Let’s explore whether the body mass of our penguins demonstrates properties of the normal distribution.
Firstly, let’s plot a histogram of body mass. You can do this with
ggplot and the geom_histogram()
geom.
The geom_histogram()
is going to use an underlying
counting statistic, so it needs to have a free axis to plot that count
on. Therefore the only information you need to provide to the geom is
either the x or the y axis and the variable you want to plot.
Look at the histogram - how would you describe this distribution?
## `stat_bin()` using `bins = 30`. Pick better
## value with `binwidth`.
Much like other geoms, we can use fill to add grouping information to
our plot.
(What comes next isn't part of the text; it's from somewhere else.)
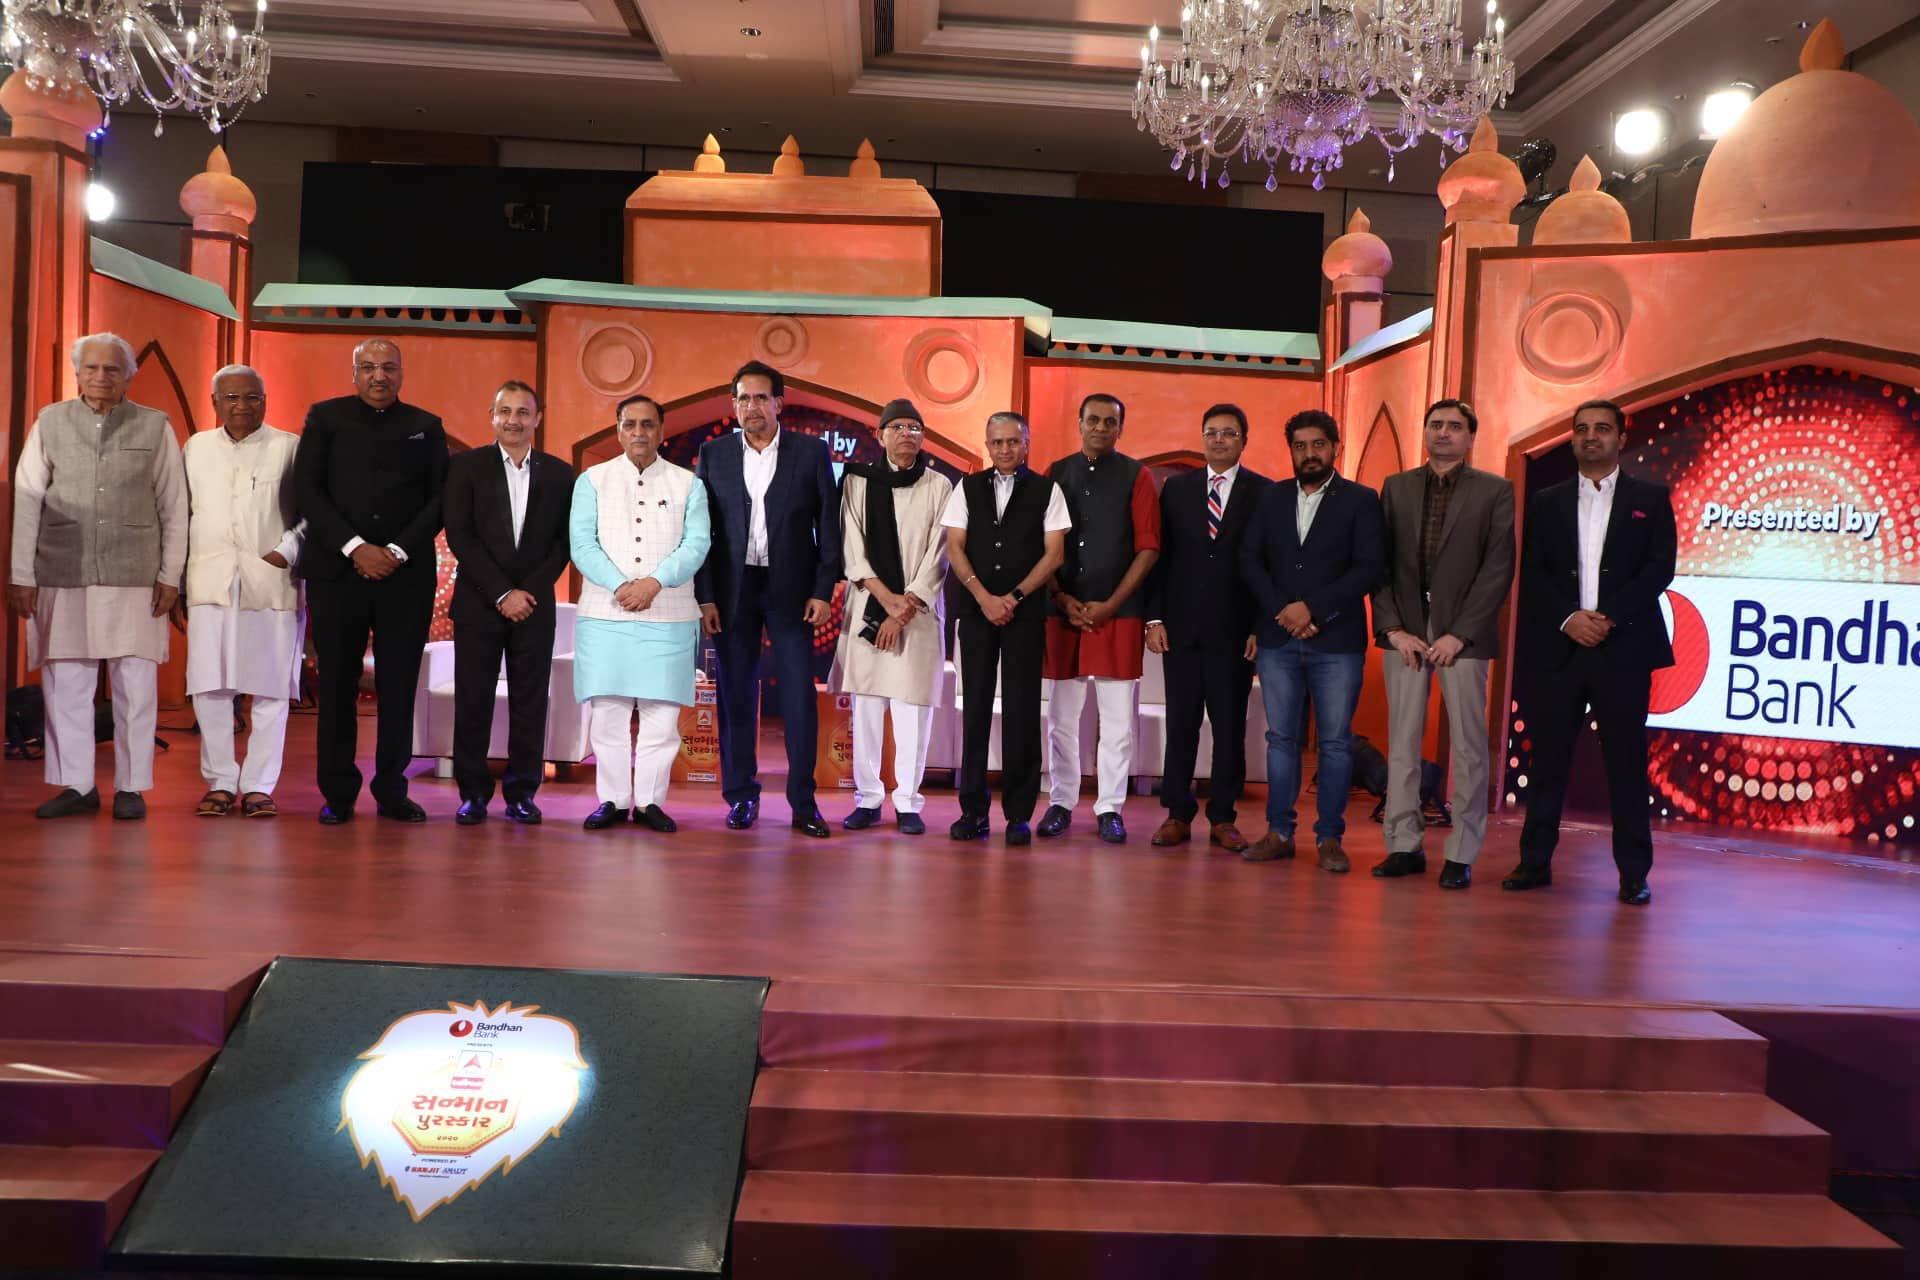 Donate Life Founder and President Nilesh Mandlewala was felicitated by ABP Asmita with Ashmita Sanman Purashkar 2020 by hands of CM Vijaybhai Rupani.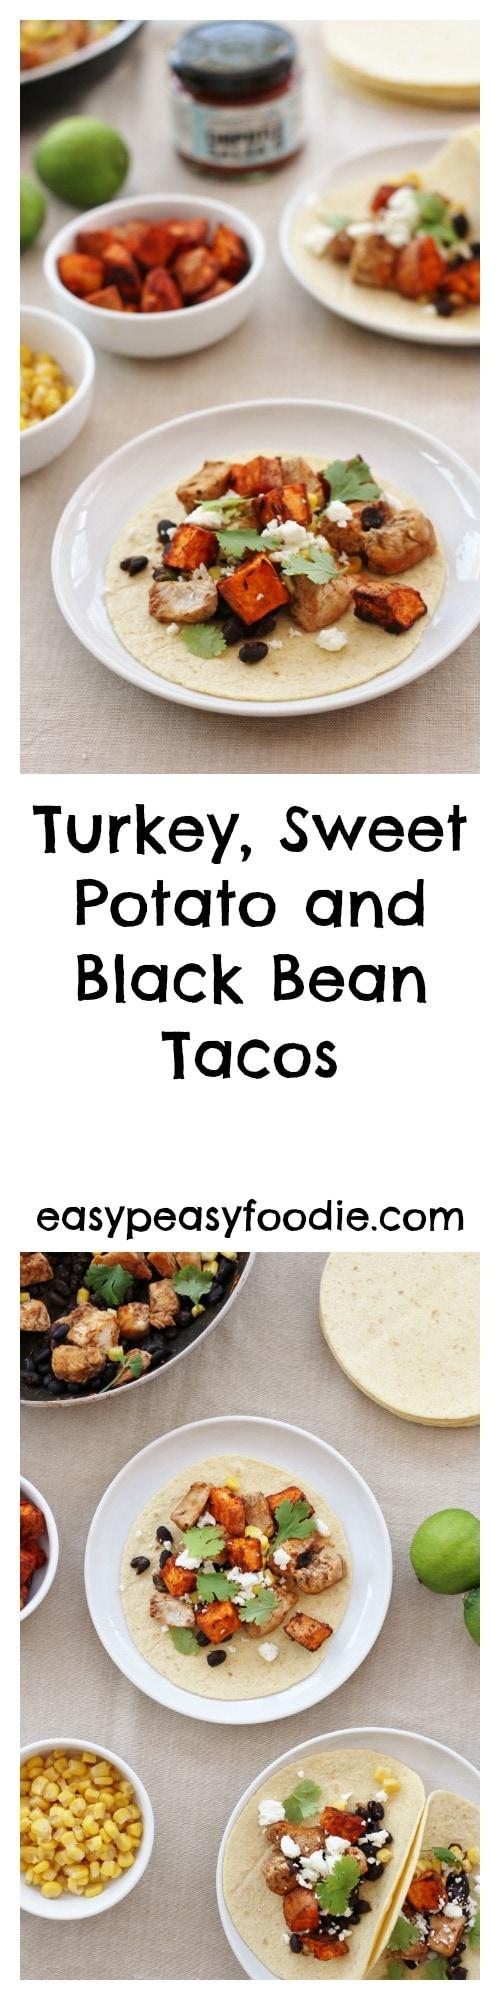 Turkey, Sweet Potato and Black Bean Tacos - pinnable image for Pinterest

Try using 'species'
as the value for
fill
. What can we say about these distribution? How much
overlap do you see? how much difference do you see?
## `stat_bin()` using `bins = 30`. Pick better
## value with `binwidth`.
While histograms are good, it might be easier to start comparison distributions with a different geom - the density curve.
Use the geom_density()
to plot a density curve, which is
what I used to create all of the earlier plots. Fit a density curve of
the entire population of penguins and their body mass.
You interpret a density curve as a total distribution of probability of data. The higher the curve, the higher the probability for that point on the x-axis.
How would you interpret this density plot? Around what value is the most likely body mass? The least likely?
You should notice that the overall shape is similar to the histogram. The difference is that instead of counting the number of penguins within bins or ranges of body weight (histogram), the density curve is “smoother” and modelling the probability of each individual point (i.e., not grouping the data into buckets).
It would be ideal to include information about the distribution onto the density curve. Let’s refresh ourselves on what the mean and SD of the penguin body mass. I’ll save them to variables so it is easier to work with them later.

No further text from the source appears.